De Burgh conceded this point. “Yeah, I mean, part of this is the premise that the 2017 legal advice was asked for because of the ombudsman question,” he said.

Greggery had sprung his trap.

“And I suggest to you that it was commonly understood between yourself, Mr Hurman, Cath Halbert and Serena Wilson that there was a need to justify the legality to the ombudsman,” he said.

Yes, de Burgh agreed.

“And that every step along the way,” Greggery said, “was done with that purpose in mind.”

The reality of the mendacity exposed by the commission this week is shown in the testimony of victims such as Rosemary Gay and Ricky Aik, who gave evidence on Monday.

Gay, a pensioner who could work only two days a week due to physical health problems, was tormented with a completely fictitious debt of $64,000.

A retired single mother in her 70s, who budgeted meticulous­ly and was a profession­al record-keeper and legal clerk throughout her career, Gay worried she would lose everything.

“Everybody needs to understand how many thousands of people were affected so badly by a system that was put in by a government department who you have full trust in that they are doing things correctly, when obviously they are not,” she said.

“And it will continue to remain with me forever.
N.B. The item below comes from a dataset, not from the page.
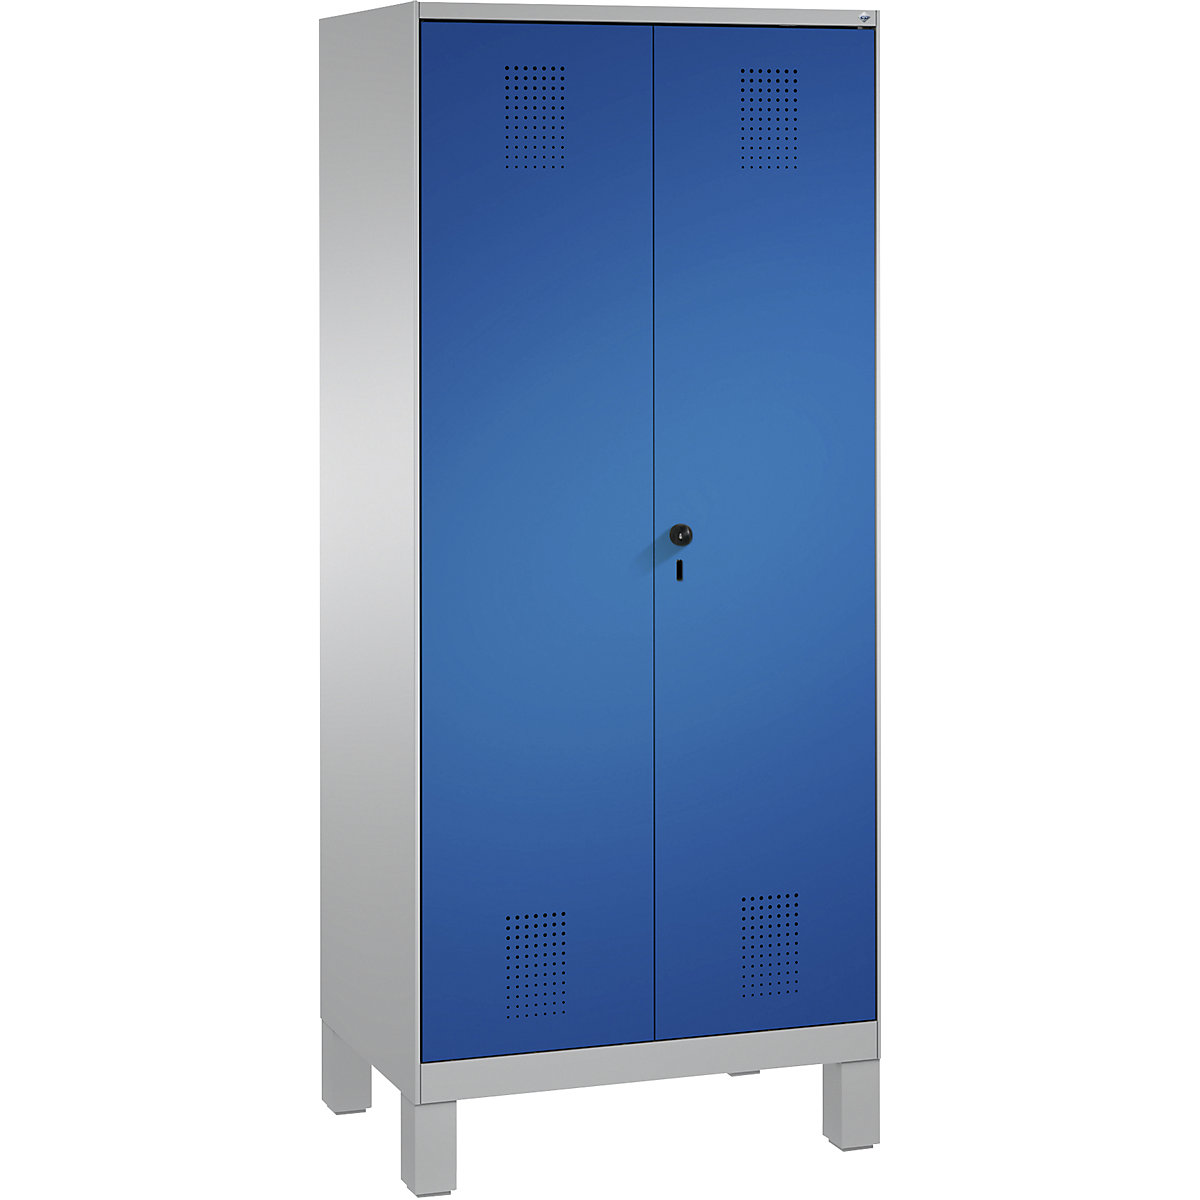 EVOLO cloakroom locker, doors close in the middle – C+P, 2 compartments, compartment width 400 mm, with feet, white aluminium / gentian blue-9

It’s just something I will never get over, and it has had a huge impact on my physical and mental wellbeing.”

Aik, a member of the working underclass who lived alone in remote Victoria, was told the only way he could get the debt collectors off his back was to have 50 pages of bank statements printed, at $2 each, a cost he simply could not afford.

His work suffered. As the debt was pursued further, he thought about self-harm.

While people like Gay and Aik were being hunted, the scheme was beginning to unravel internally. Efforts by many public servants – and ministers who were either ignorant or who simply did not care – kept the conceit alive for another two years.